# difflib – Compare sequences

URL: https://pymotw.com/2/difflib/

URL: https://docs.python.org/3/library/difflib.html

Purpose:	Compare sequences, especially lines of text.

The difflib module contains tools for computing and working with differences between sequences. It is especially useful for comparing text, and includes functions that produce reports using several common difference formats.

In [None]:
text1 = """Lorem ipsum dolor sit amet, consectetuer adipiscing elit. Integer
eu lacus accumsan arcu fermentum euismod. Donec pulvinar porttitor
tellus. Aliquam venenatis. Donec facilisis pharetra tortor.  In nec
mauris eget magna consequat convallis. Nam sed sem vitae odio
pellentesque interdum. Sed consequat viverra nisl. Suspendisse arcu
metus, blandit quis, rhoncus ac, pharetra eget, velit. Mauris
urna. Morbi nonummy molestie orci. Praesent nisi elit, fringilla ac,
suscipit non, tristique vel, mauris. Curabitur vel lorem id nisl porta
adipiscing. Suspendisse eu lectus. In nunc. Duis vulputate tristique
enim. Donec quis lectus a justo imperdiet tempus."""
text1_lines = text1.splitlines()

text2 = """Lorem ipsum dolor sit amet, consectetuer adipiscing elit. Integer
eu lacus accumsan arcu fermentum euismod. Donec pulvinar, porttitor
tellus. Aliquam venenatis. Donec facilisis pharetra tortor. In nec
mauris eget magna consequat convallis. Nam cras vitae mi vitae odio
pellentesque interdum. Sed consequat viverra nisl. Suspendisse arcu
metus, blandit quis, rhoncus ac, pharetra eget, velit. Mauris
urna. Morbi nonummy molestie orci. Praesent nisi elit, fringilla ac,
suscipit non, tristique vel, mauris. Curabitur vel lorem id nisl porta
adipiscing. Duis vulputate tristique enim. Donec quis lectus a justo
imperdiet tempus. Suspendisse eu lectus. In nunc. """
text2_lines = text2.splitlines()

# print("text1= \n{}\n".format(text1_lines))
# print("text2= \n{}\n".format(text2_lines))

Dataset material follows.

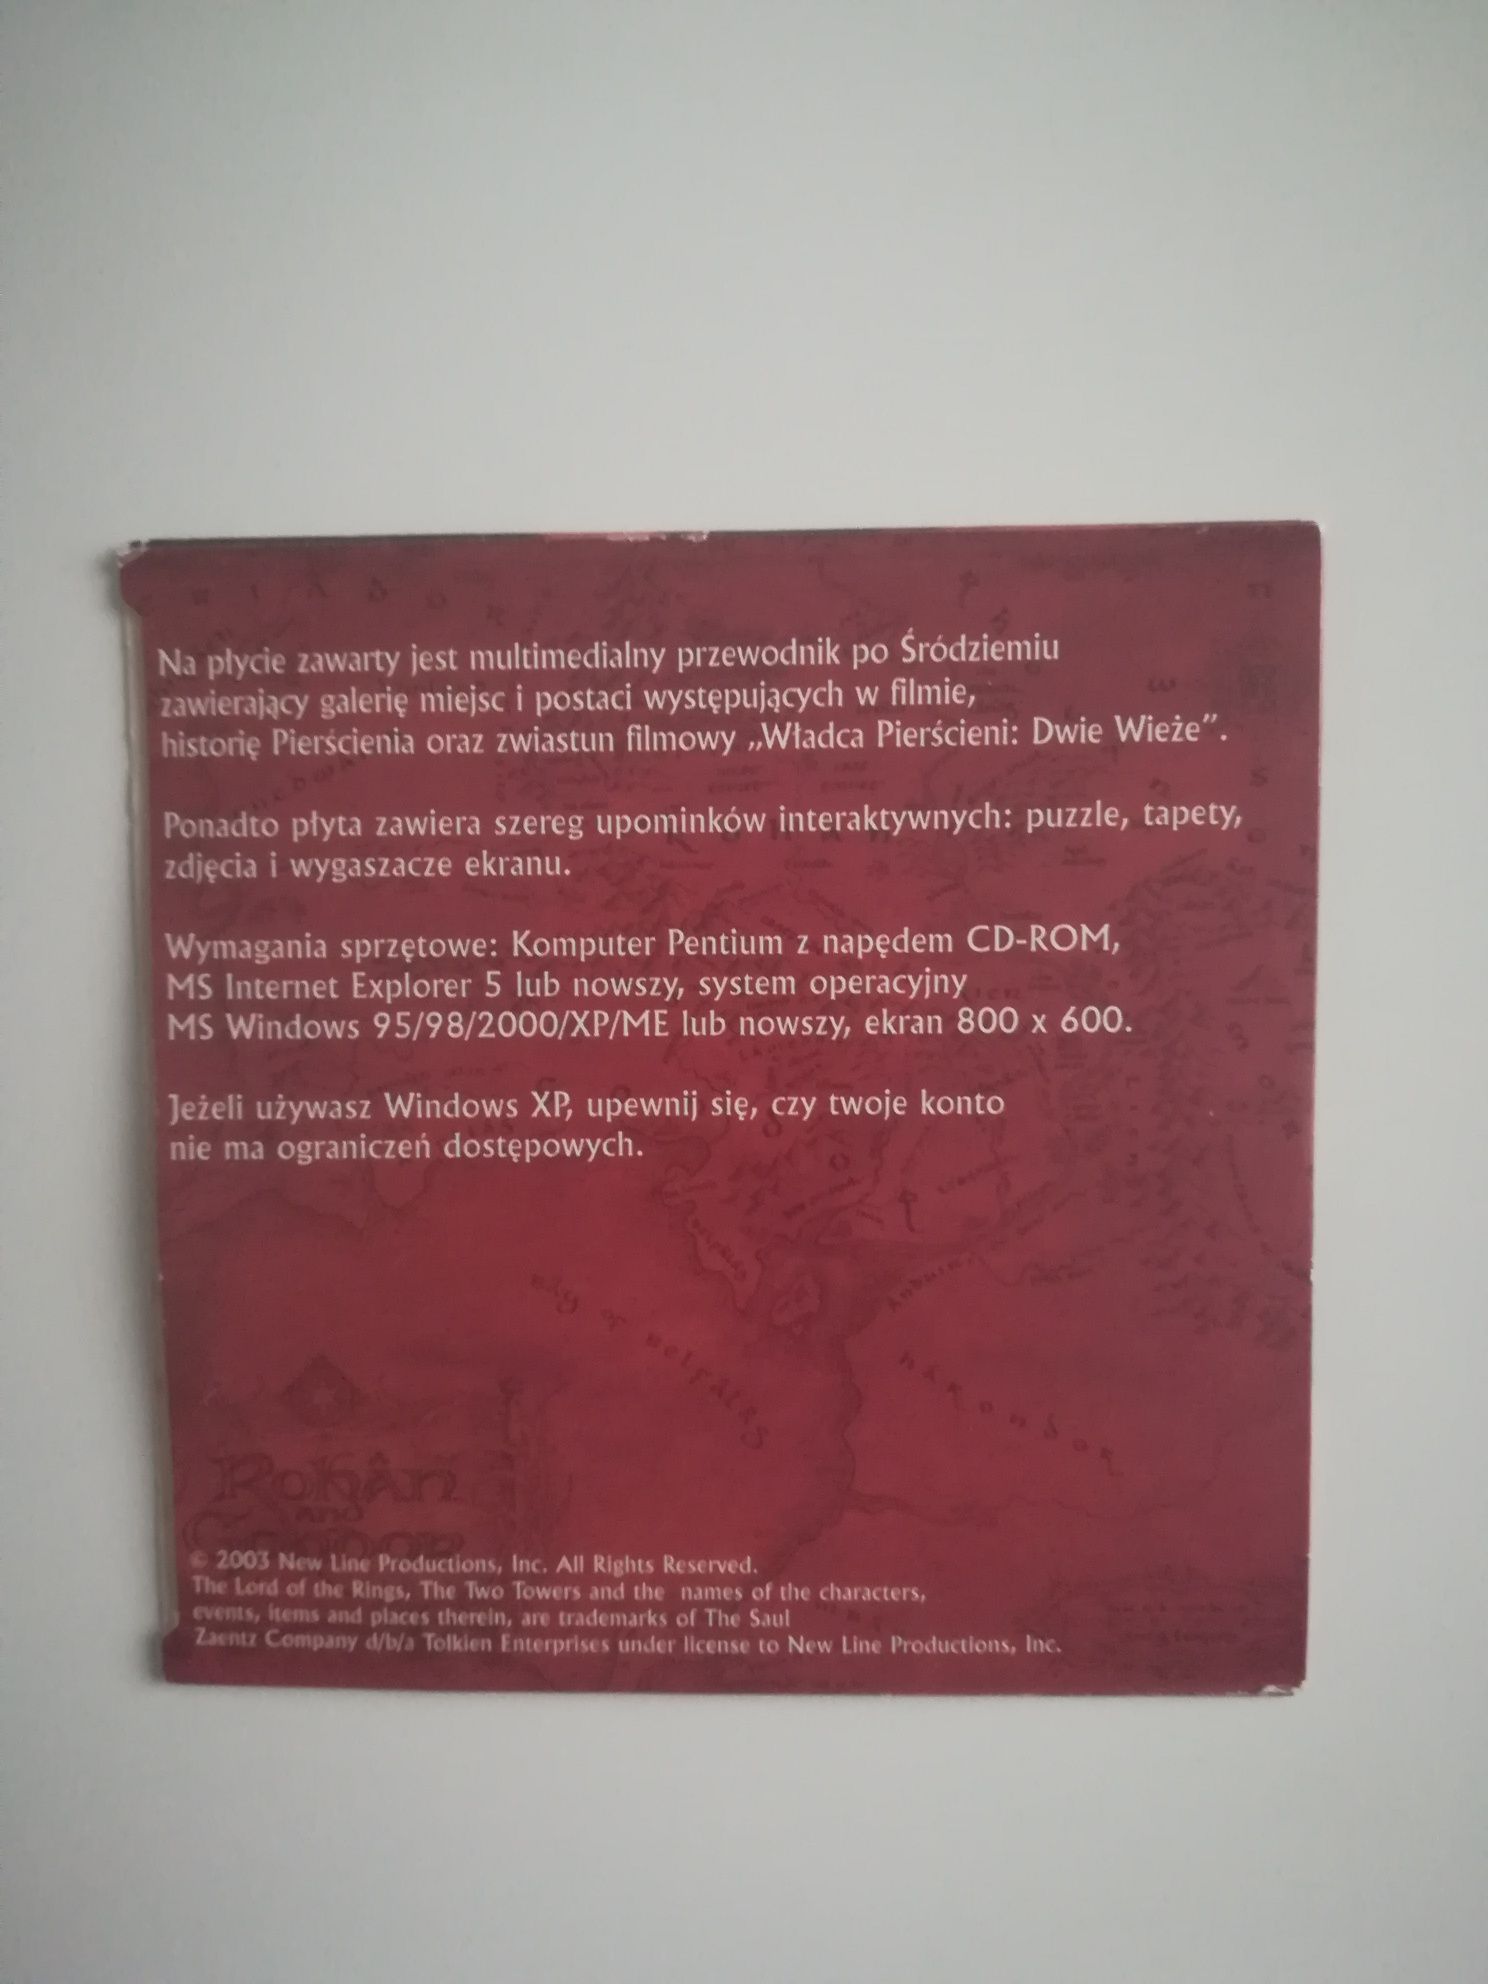 Władca Pierścieni - Dwie Wieże - multimedialna płyta CD

## Comparing Bodies of Text

The default output produced by Differ is similar to the diff command line tool is simple with the Differ class. It includes the original input values from both lists, including common values, and markup data to indicate what changes were made.

- Lines prefixed with - indicate that they were in the first sequence, but not the second.
- Lines prefixed with + were in the second sequence, but not the first.
- If a line has an incremental difference between versions, an extra line prefixed with ? is used to highlight the change within the new version.
- If a line has not changed, it is printed with an extra blank space on the left column so that it it lines up with the other lines that may have differences.

In [None]:
import difflib
# from difflib.data import *

d = difflib.Differ()
diff = d.compare(text1_lines, text2_lines)
print('\n'.join(diff))

The ndiff() function produces essentially the same output.

In [None]:
import difflib
# from difflib_data import *

diff = difflib.ndiff(text1_lines, text2_lines)
print('\n'.join(list(diff)))

## Other Output Formats

While the Differ class shows all of the input lines, a unified diff only includes modified lines and a bit of context.

In [None]:
import difflib
# from difflib_data import *

diff = difflib.unified_diff(text1_lines, text2_lines, lineterm='')
print('\n'.join(list(diff)))

Using context_diff() produces similar readable output

In [None]:
import difflib
# from difflib_data import *

diff = difflib.context_diff(text1_lines, text2_lines, lineterm='')
print('\n'.join(list(diff)))

# HTML Output

HtmlDiff produces HTML output with the same information as Diff.

In [None]:
import difflib

d = difflib.HtmlDiff()
print(d.make_table(text1_lines, text2_lines))

## Junk Data

All of the functions that produce difference sequences accept arguments to indicate which lines should be ignored, and which characters within a line should be ignored. These parameters can be used to skip over markup or whitespace changes in two versions of a file, for example.

In [None]:
# This example is taken from the source for difflib.py.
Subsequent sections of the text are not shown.